The end goal of this series of patches is to support encoding/decoding APInt to/from [U|S]LEB128. This patch is an initial step in that direction. It refactors the logic to avoid code duplication and makes the interface to LEB128 encoding much more generic, as shown by the existing cases becoming very short.

In a later patch, I'd like to do some template magic to support LEB128InputIterator<APInt> in a way that tries to share code with the uint64_t/int64_t implementations.

Refactored the encode functions more aggressively by factoring out the common logic for writing to an array or to a raw_ostream:

diff
diff --git a/llvm/include/llvm/Support/LEB128.h b/llvm/include/llvm/Support/LEB128.h
index 729ee5ca745..f65dc919e39 100644
--- a/llvm/include/llvm/Support/LEB128.h
+++ b/llvm/include/llvm/Support/LEB128.h
@@ -168,43 +168,52 @@ public:
   ///@}
 };
 
+/// Utility function to encode a SLEB128 or ULEB128 value to a buffer.
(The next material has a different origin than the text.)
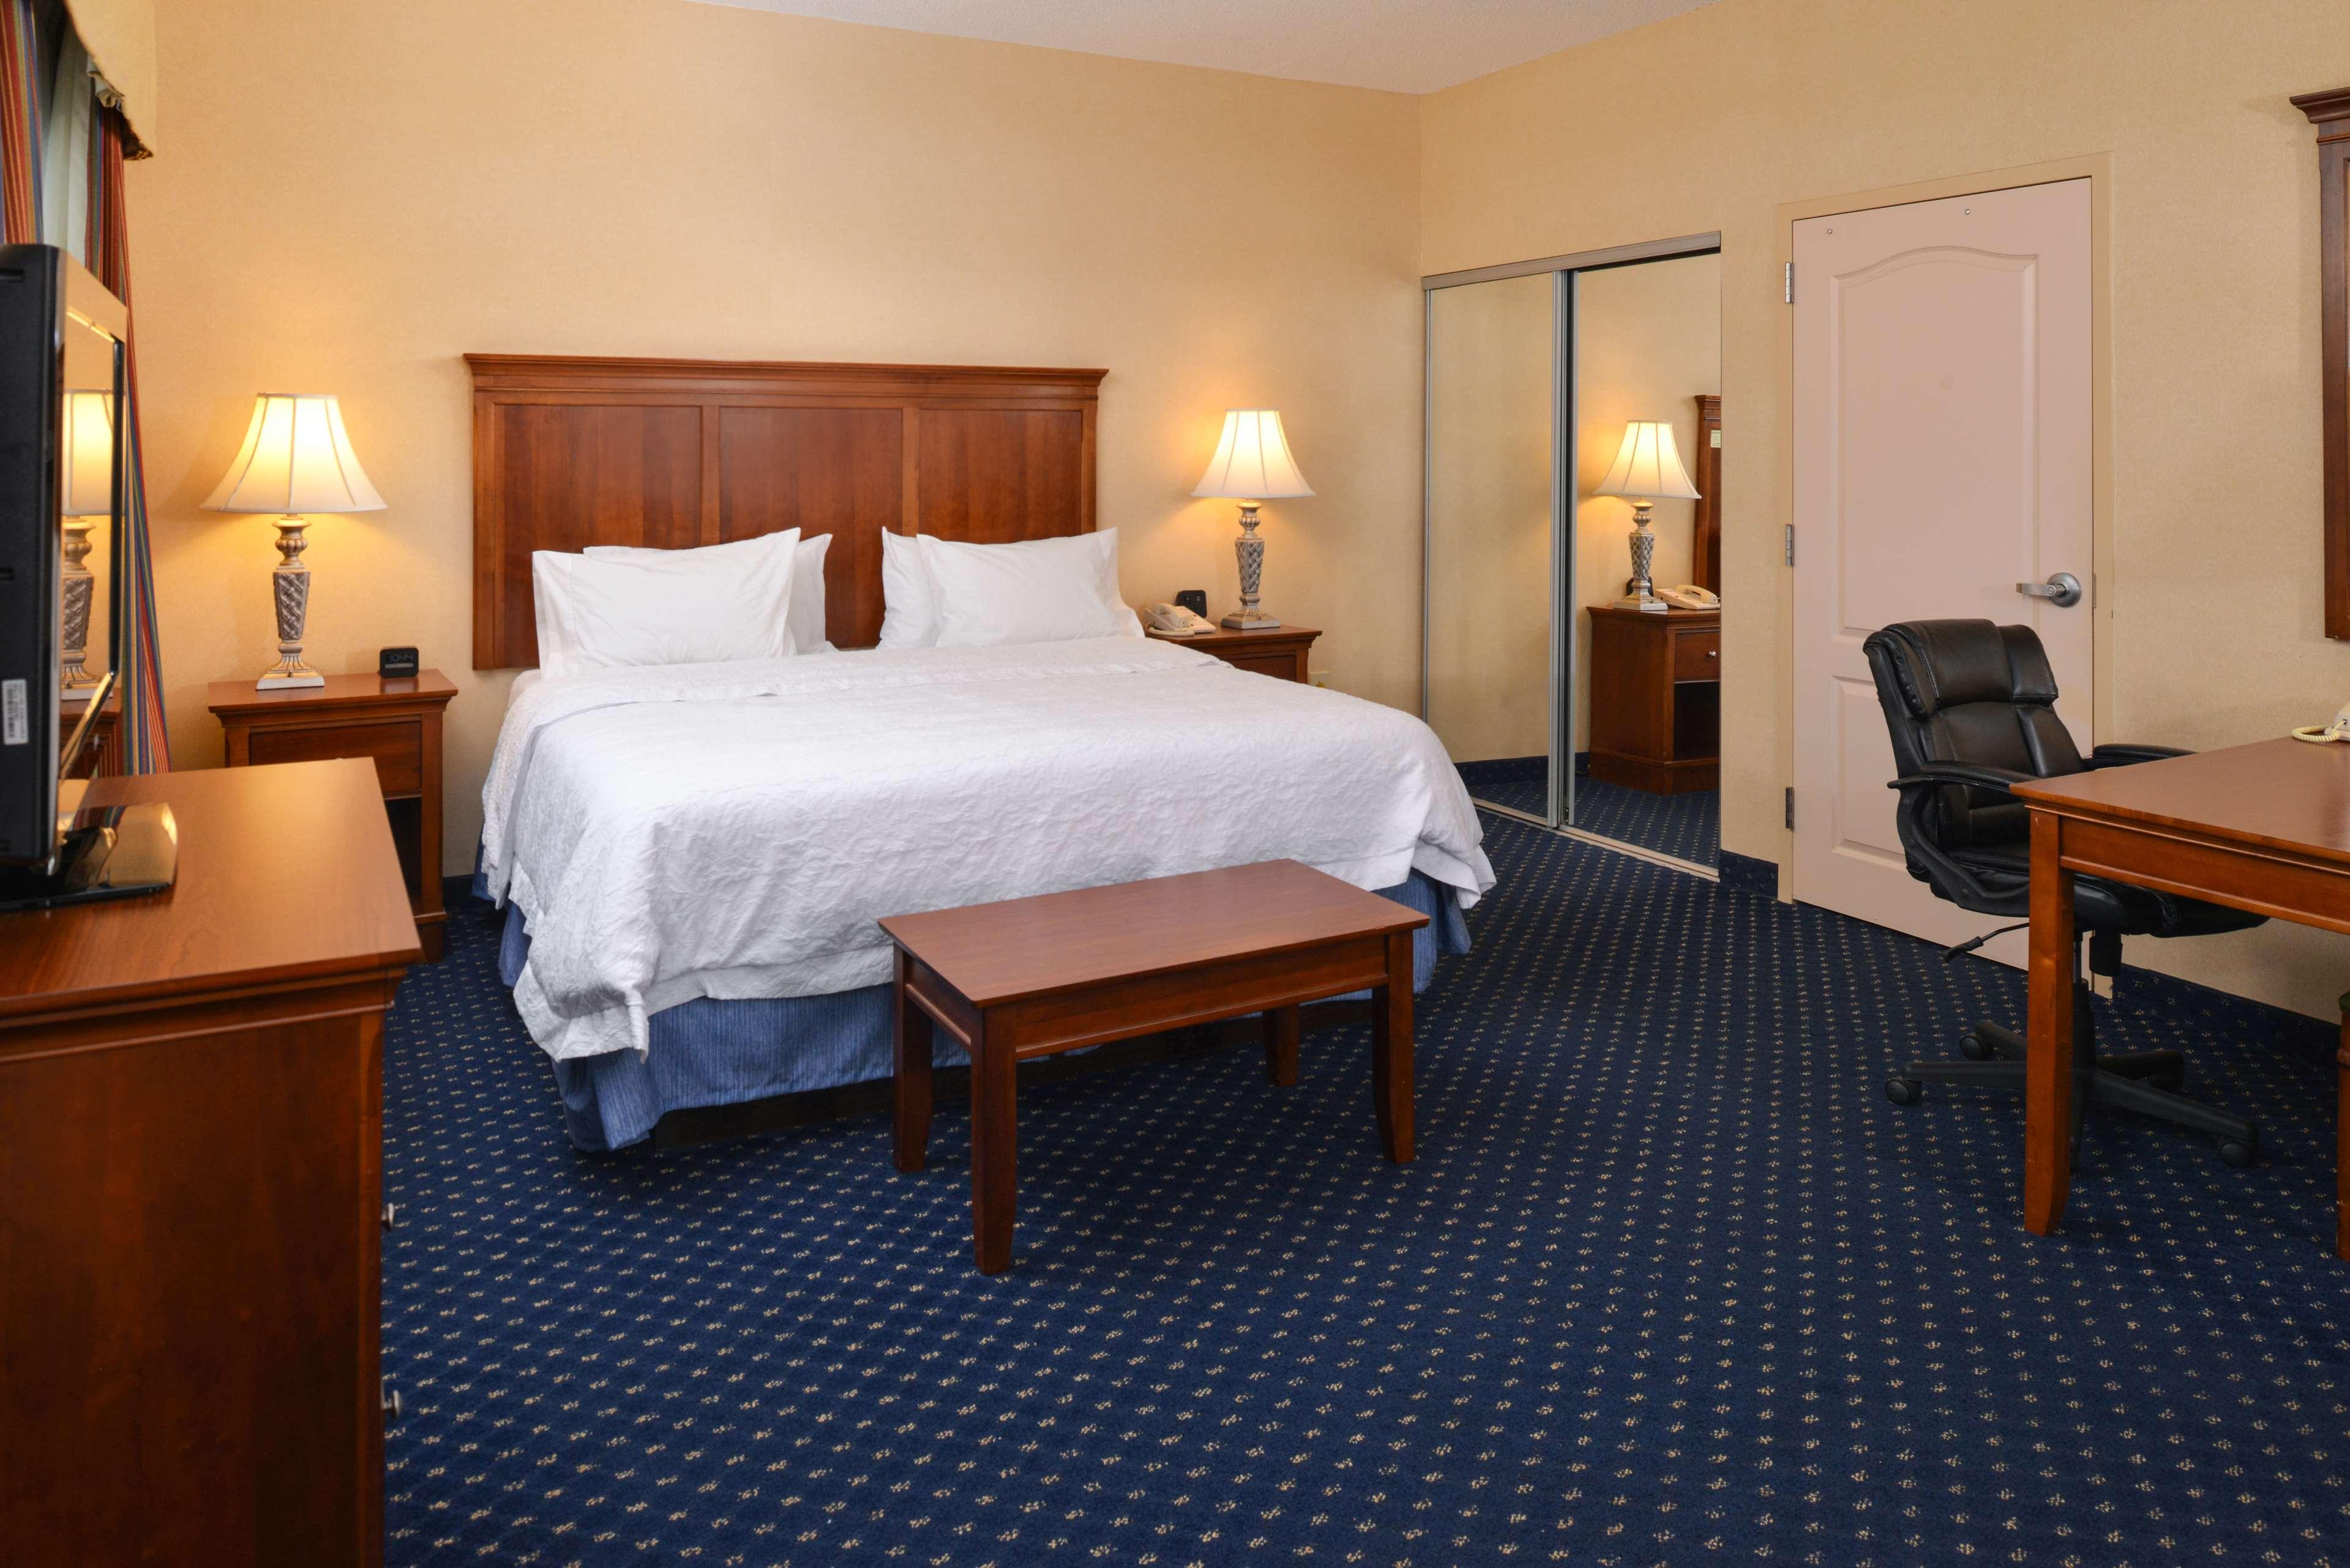 Hampton Inn & Suites Fredericksburg South image 36

Returns
+/// the length in bytes of the encoded value.
+template <class ValueT>
+unsigned encodeLEB128(const ValueT &Value, bool IsSigned, uint8_t *p,
+                      unsigned PadTo = 0) {
+  uint8_t *orig_p = p;
+  p = std::copy(LEB128InputIterator<ValueT>(Value, IsSigned, PadTo),
+                LEB128InputIterator<ValueT>(), p);
+  return (unsigned)(p - orig_p);
+}
+
+/// Utility function to encode a SLEB128 or ULEB128 value to an output stream.
+/// Returns the length in bytes of the encoded value.
+template <class ValueT>
+inline unsigned encodeLEB128(const ValueT &Value, bool IsSigned,
+                             raw_ostream &OS, unsigned PadTo = 0) {
+  uint64_t TellBefore = OS.tell();
+  std::copy(LEB128InputIterator<ValueT>(Value, IsSigned, PadTo),
+            LEB128InputIterator<ValueT>(), raw_ostream_iterator<uint8_t>(OS));
+  return (unsigned)(OS.tell() - TellBefore);
+}
+
 /// Utility function to encode a SLEB128 value to an output stream. Returns
 /// the length in bytes of the encoded value.
 inline unsigned encodeSLEB128(int64_t Value, raw_ostream &OS,
                               unsigned PadTo = 0) {
-  uint64_t TellBefore = OS.tell();
-  std::copy(LEB128InputIterator<int64_t>(Value, /* IsSigned */ true, PadTo),
-            LEB128InputIterator<int64_t>(), raw_ostream_iterator<uint8_t>(OS));
-  return (unsigned)(OS.tell() - TellBefore);
+  return encodeLEB128(Value, /* IsSigned */ true, OS, PadTo);
 }

 /// Utility function to encode a SLEB128 value to a buffer. Returns
 /// the length in bytes of the encoded value.
 inline unsigned encodeSLEB128(int64_t Value, uint8_t *p, unsigned PadTo = 0) {
-  uint8_t *orig_p = p;
-  p = std::copy(LEB128InputIterator<int64_t>(Value, /* IsSigned */ true, PadTo),
-                LEB128InputIterator<int64_t>(), p);
-  return (unsigned)(p - orig_p);
+  return encodeLEB128(Value, /* IsSigned */ true, p, PadTo);
 }

 /// Utility function to encode a ULEB128 value to an output stream. Returns
 /// the length in bytes of the encoded value.
 inline unsigned encodeULEB128(uint64_t Value, raw_ostream &OS,
                               unsigned PadTo = 0) {
-  uint64_t TellBefore = OS.tell();
-  std::copy(LEB128InputIterator<uint64_t>(Value, /* IsSigned */ false, PadTo),
-            LEB128InputIterator<uint64_t>(), raw_ostream_iterator<uint8_t>(OS));
-  return (unsigned)(OS.tell() - TellBefore);
+  return encodeLEB128(Value, /* IsSigned */ false, OS, PadTo);
 }

 /// Utility function to encode a ULEB128 value to a buffer. Returns
 /// the length in bytes of the encoded value.
 inline unsigned encodeULEB128(uint64_t Value, uint8_t *p, unsigned PadTo = 0) {
-  uint8_t *orig_p = p;
-  p = std::copy(
-      LEB128InputIterator<uint64_t>(Value, /* IsSigned */ false, PadTo),
-      LEB128InputIterator<uint64_t>(), p);
-  return (unsigned)(p - orig_p);
+  return encodeLEB128(Value, /* IsSigned */ false, p, PadTo);
 }

 /// Utility function to decode a ULEB128 value.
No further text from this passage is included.